In Fernando Meirelles’ adaptation of John Le Carré’s The Constant Gardener, Justin Quayle (Ralph Fiennes) is Kenyan-based diplomat searching for the truth behind the death of his wife (played by Rachel Weisz in an Oscar-winning turn). Fueled by his personal grief, Quayle travels across Europe and Africa for clues to her fate and uncovers in the process an international conspiracy of corporate greed and political corruption. For USA Today, this global thriller “offers passion, betrayal, gorgeous cinematography, social commentary, stellar performances and clever wit puts it in a special category near perfection.”
Atomic Blonde gives us a spy for a new generation.
David Leitch’s Atomic Blonde proves that international thrillers are not just the province of men anymore. Charlize Theron explodes on the screen as Lorraine Broughton, an adrenaline-fueled MI6 agent sent to Berlin to retrieve a dossier of spies before it falls into the wrong hands. Set in the anything-goes world of Berlin just weeks before the Wall comes down, the film completely revitalizes the tradition of Cold War espionage with Theron performing, according to The Observer, “the cold-as-ice secret agent shtick backwards, and in red patent-leather stilettos, in the hugely engaging spy-vs-spy thriller.”
Hanna travels the world to find the truth.
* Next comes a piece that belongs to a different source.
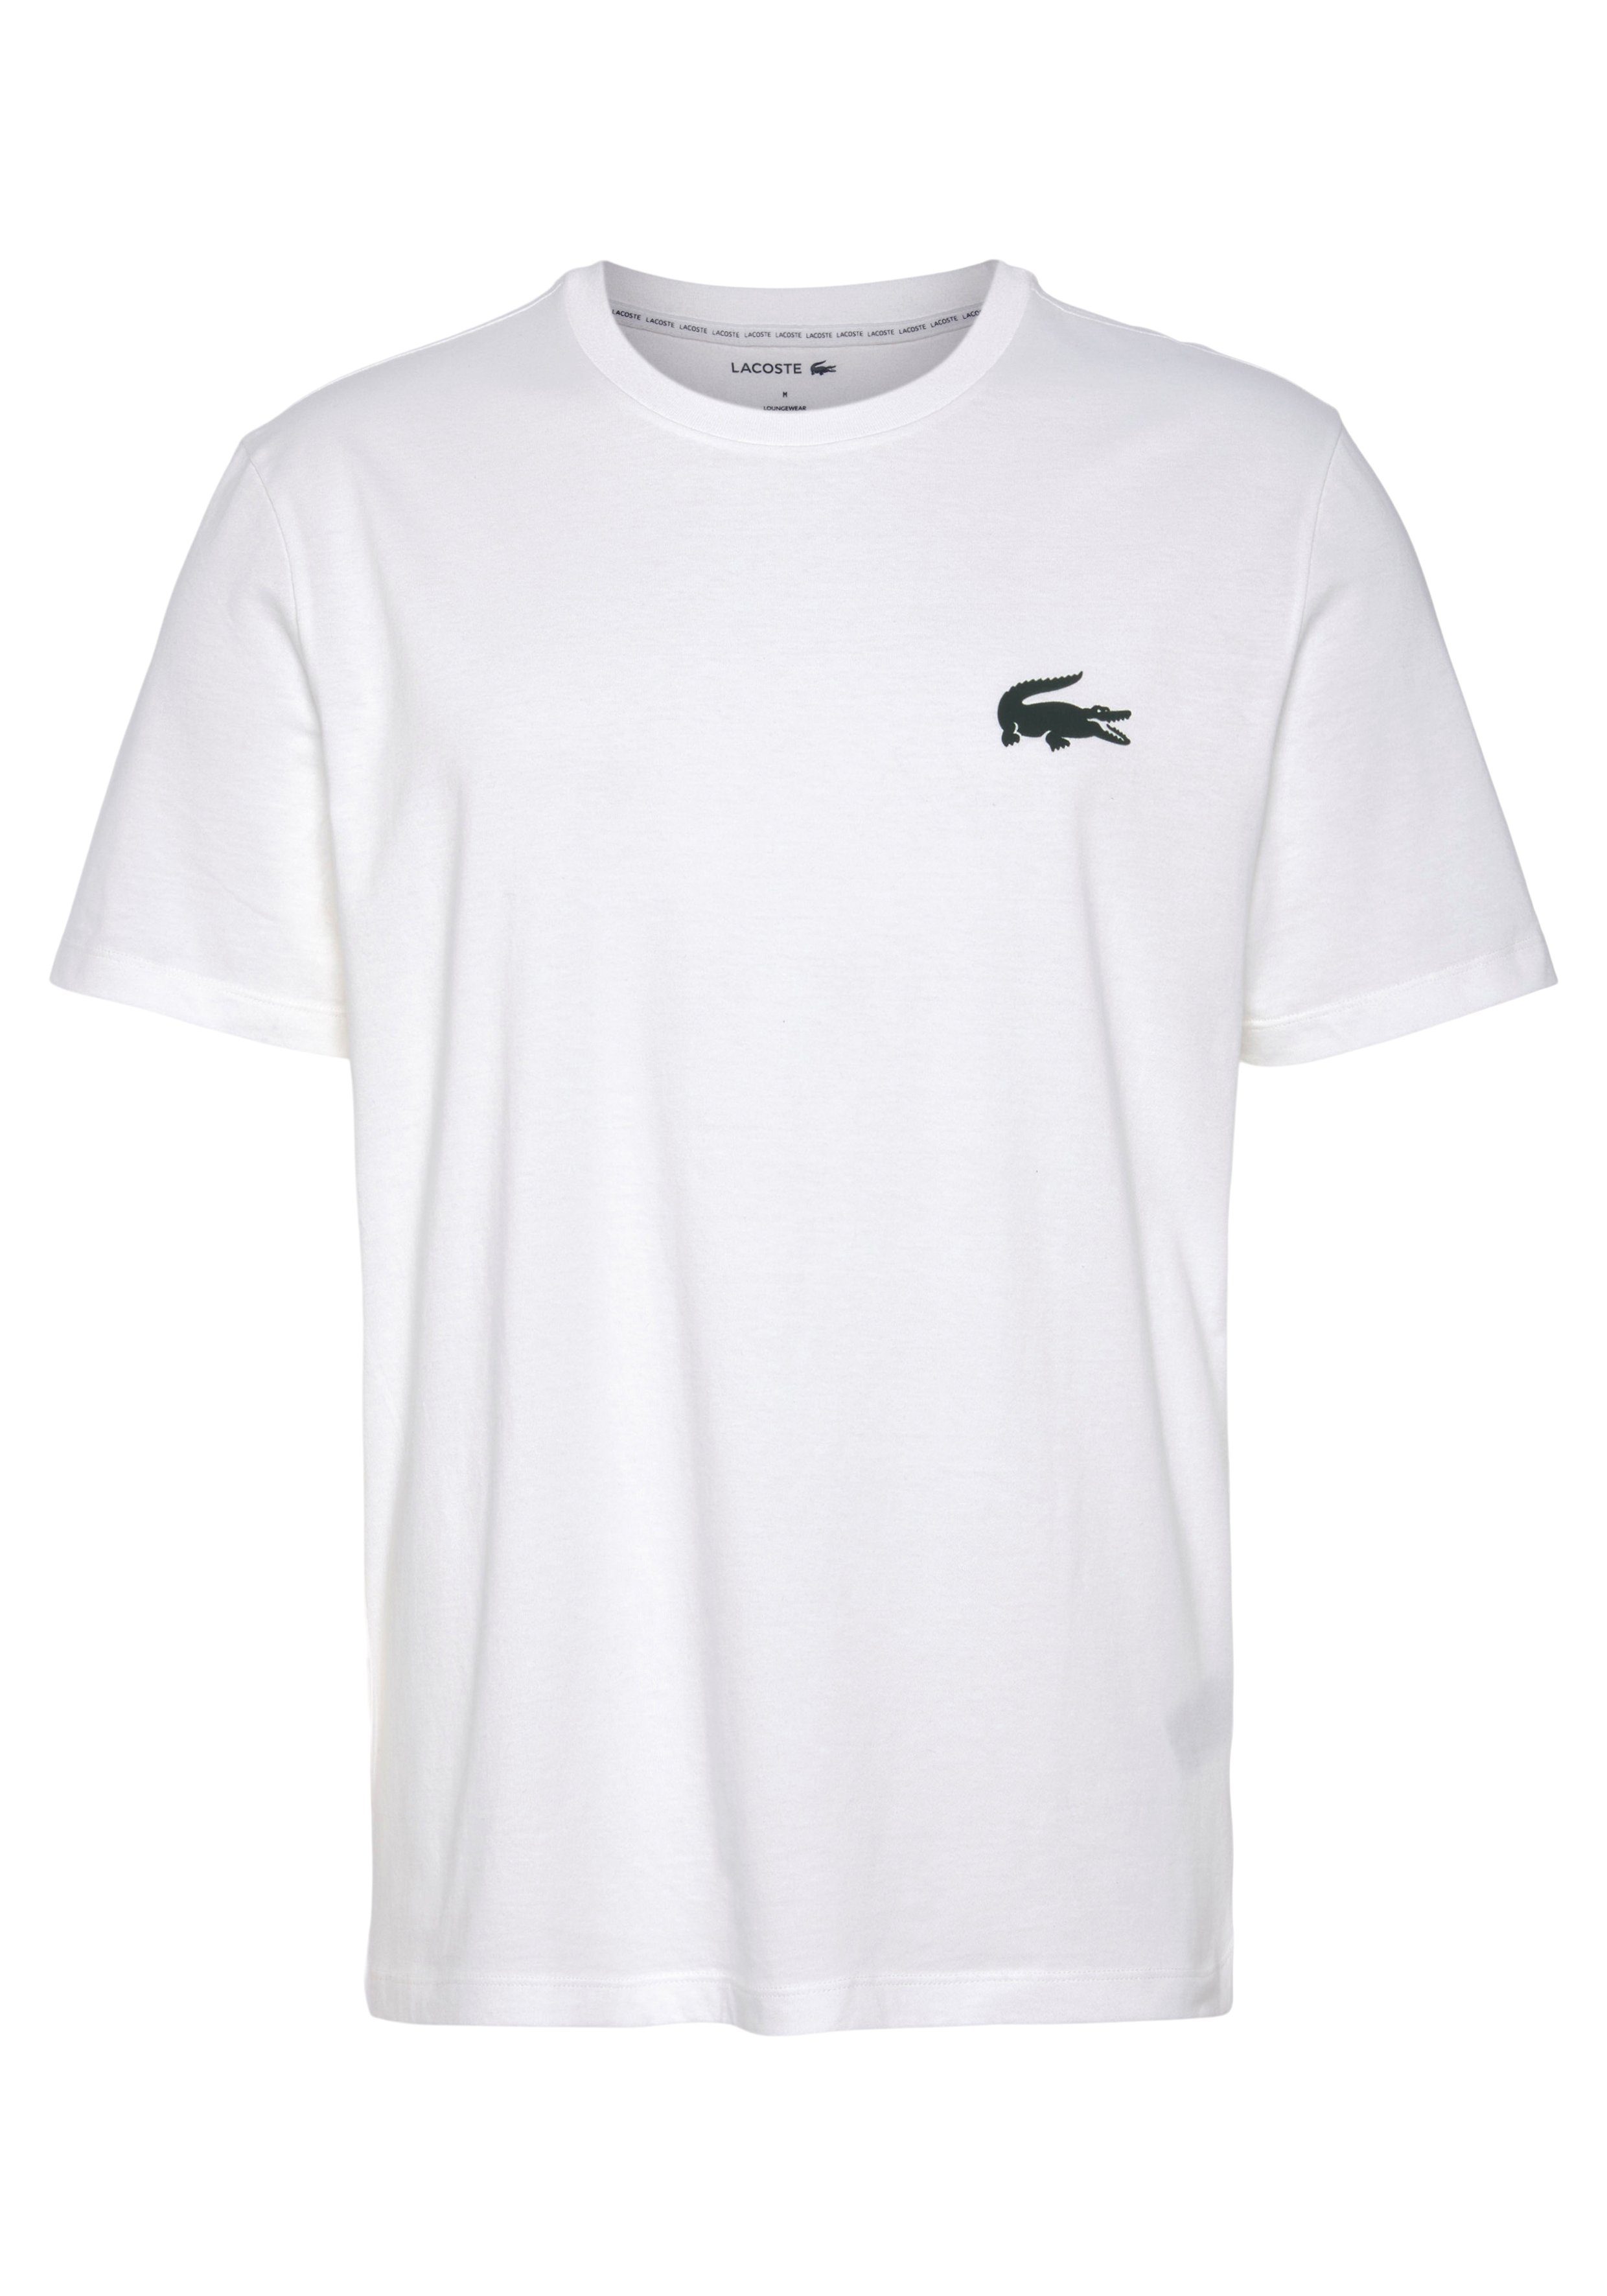 Lacoste T-Shirt mit großem Krokodillogo auf der Brust weiß

Joe Wright’s action epic Hanna cast Saoirse Ronan as a teen assassin raised by her ex-CIA father (Eric Bana) in the wilderness. When a rogue CIA director (Cate Blanchett) tracks them down, Hanna moves from the arctic wild to the Moroccan desert, finally ending up in an abandoned amusement park in East Berlin, all in an effort to discover the truth about her origin. Part international thriller, part fairy tale, the story is all about the title character. “What keeps us hooked is Ronan,” writes New York Magazine. “And the tension she creates between Hanna’s inhumanly agile body and quizzical eyes, which turn cold only when she pulls the trigger.”